His team has conducted experiments with mental influence that seem to show us that, in addition to electromagnetic and mechanical waves, there are waves that do not have these properties and that we as humans can generate.
The implication is that our mind is capable of receiving information and amplifying it in such a way that image-forming forces arise. This is in line with the notion of “mind shapes matter” by taking structures from the overarching (quantum) field and incarnating them into our material world, which is in line with the teachings of Asian wisdom traditions preaching “mind over matter”.
For water and aqueous solutions, this means that in addition to being a substance essential for life, it additionally has a completely different role. It responds to external influences, stores and transmits them as information. Oceans, lakes, rivers, and streams are information repositories with a complex memory, where information can be retained (stored) and forgotten (erased). Since the property of information storage applies to plants, animals, and humans, life on Earth is in a constant exchange of information and thus automatic communication.
My first thought was this explains why plants seem to grow better and more healthily when we talk to them.
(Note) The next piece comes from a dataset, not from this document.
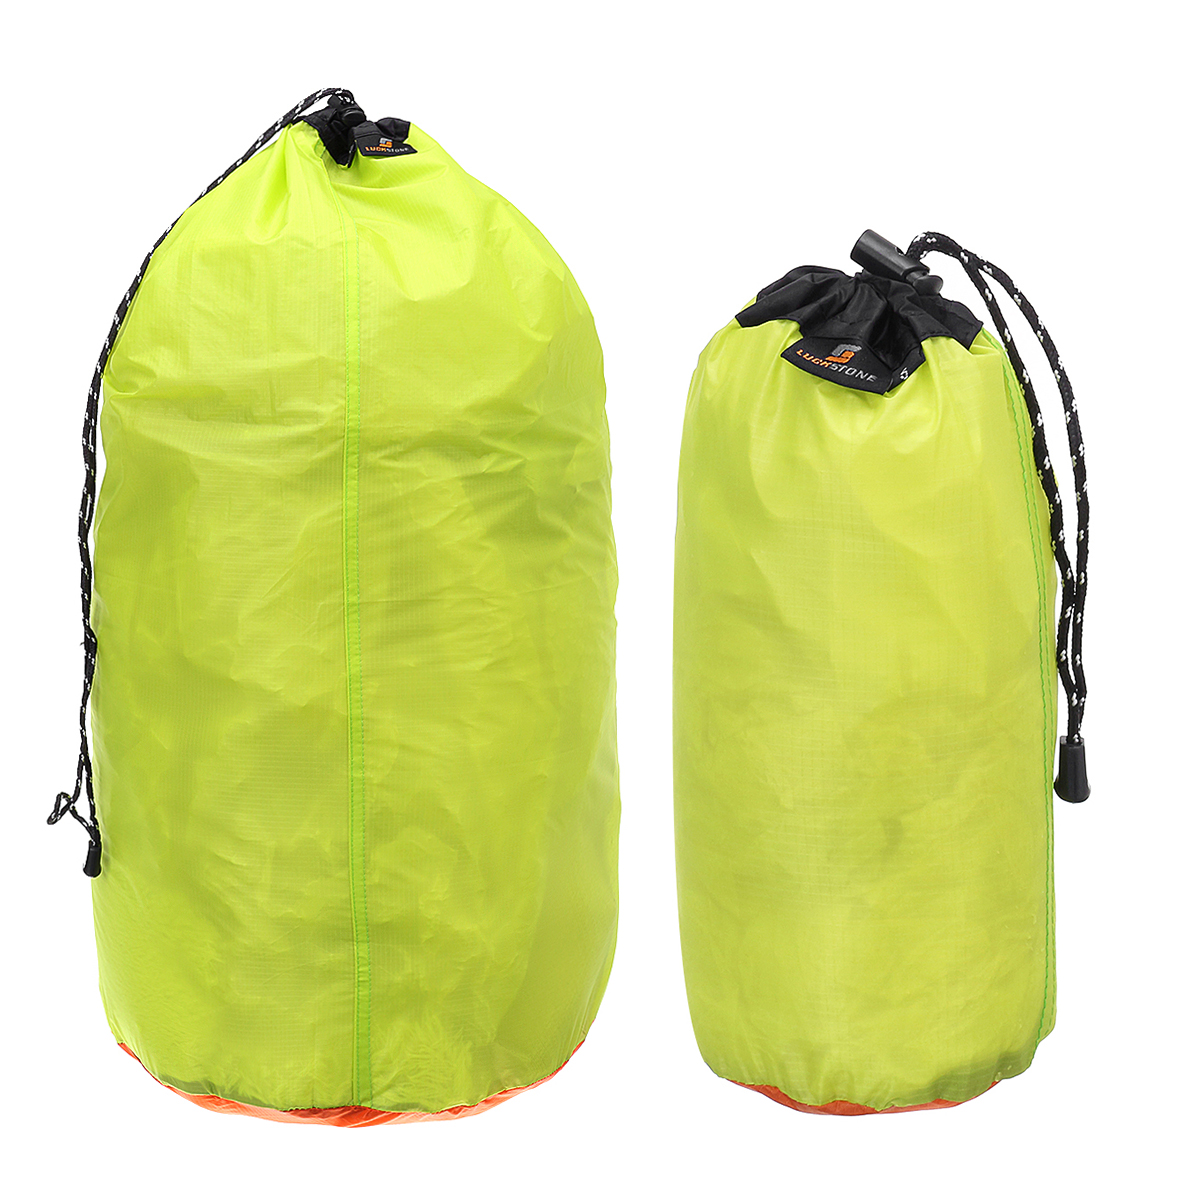 Portable-Drawstring-Storage-Bag-Outdoor-Waterproof-Traveling-Clothes-Shoes-Bag-SMLXL2XL-1555374-3

Assuming that, in general, we speak to plants in a loving and positive manner rather than insulting them, Emoto's observations could clarify how we create more beautiful water crystals by sending good vibrations to plants (through our thoughts and words. Given that plants consist of about 80-95% water, it seems natural to me that beautiful water crystals translate to more vibrant, healthier plants.
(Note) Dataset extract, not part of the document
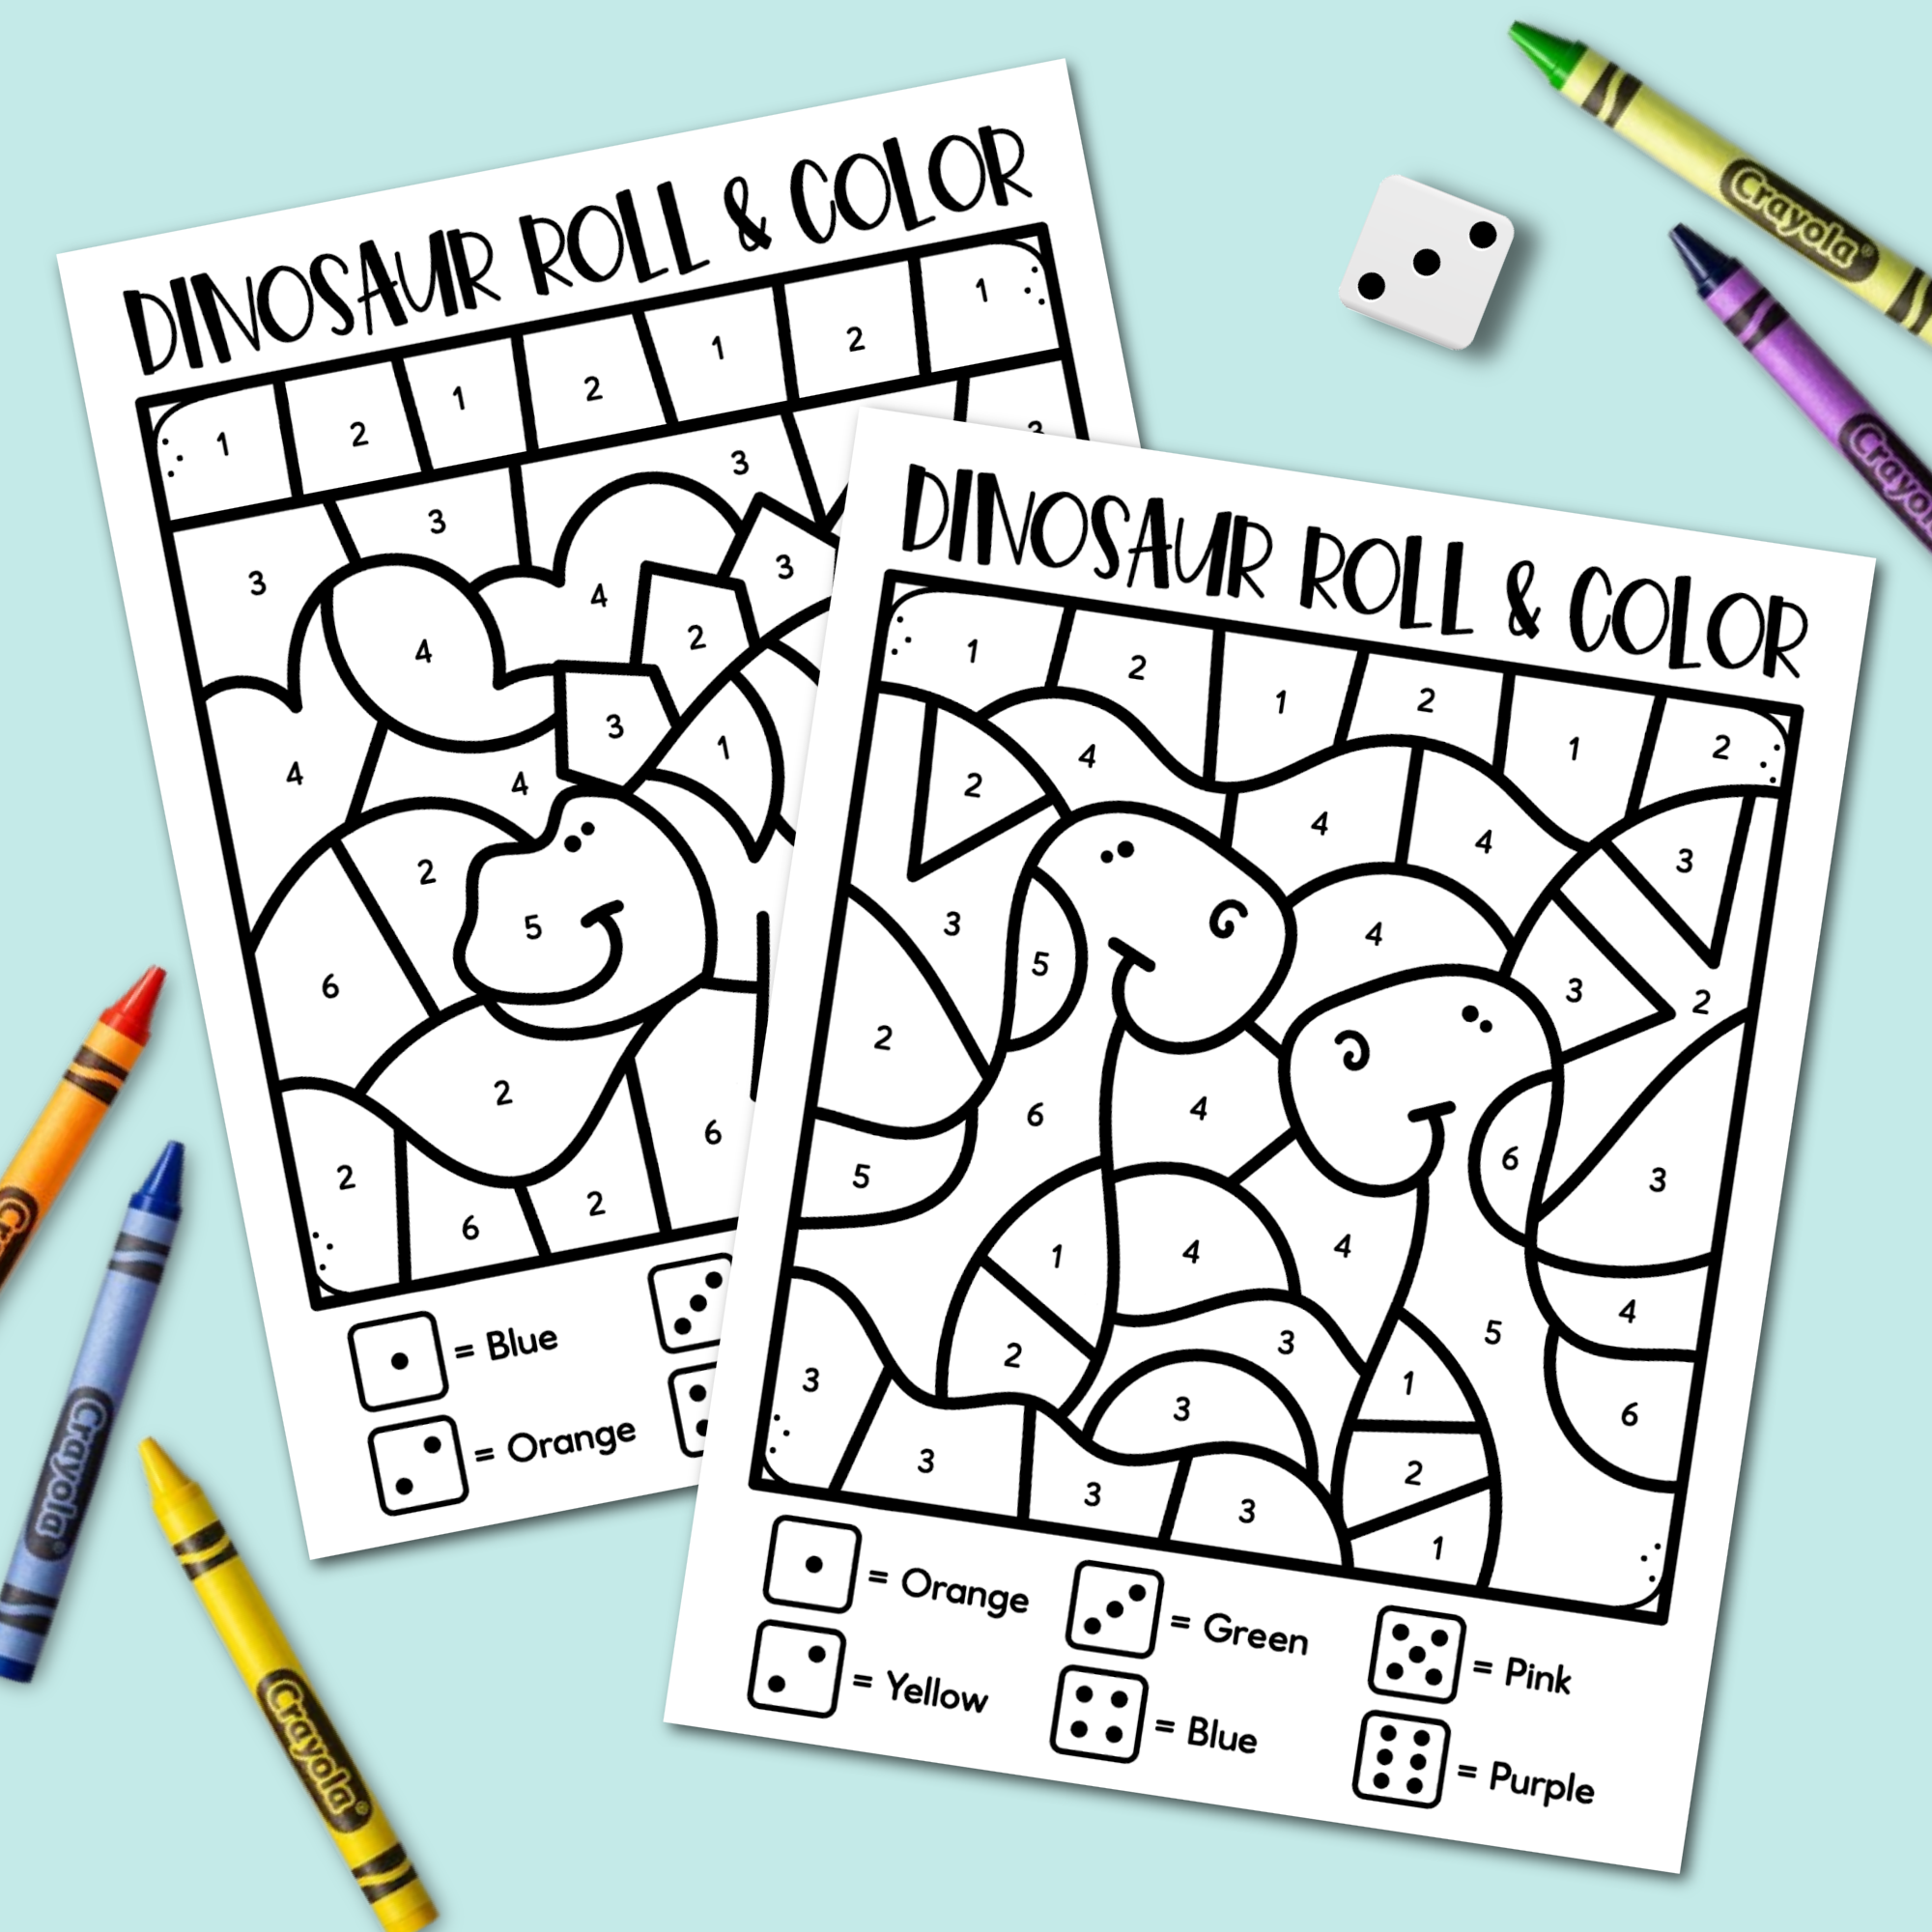 Dinosaur Roll and Color Activity

This concept doesn't apply only to plants of course. Us humans are also influenced by the energies of others, or the frequencies of music. Emoto's observations show that soothing music forms our water crystals differently than heavy metal, explaining why our mood and thoughts can be influenced differently.
Isn't it only natural that energies and frequencies, such as love or hate (conveyed through thoughts and words), impact us? Considering that we and our cells are primarily water, it's not a stretch to see the influence on water reflected in us. We are interconnected through a field of consciousness more than we realise. Our thoughts, mood, and frequencies shape the collective consciousness, affecting our entire environment. As science reveals more, ancient wisdom from traditions like Buddhism or Yoga, which were metaphysical in nature (with Yogis being the "scientists" of that time), is increasingly validated. The concept that we are all one, separation is an illusion, and we are small parts of something bigger, always in interdependence and interconnection, receiving and transmitting information, aligns with the crucial role water seems to play in this information "remembrance" and transmission.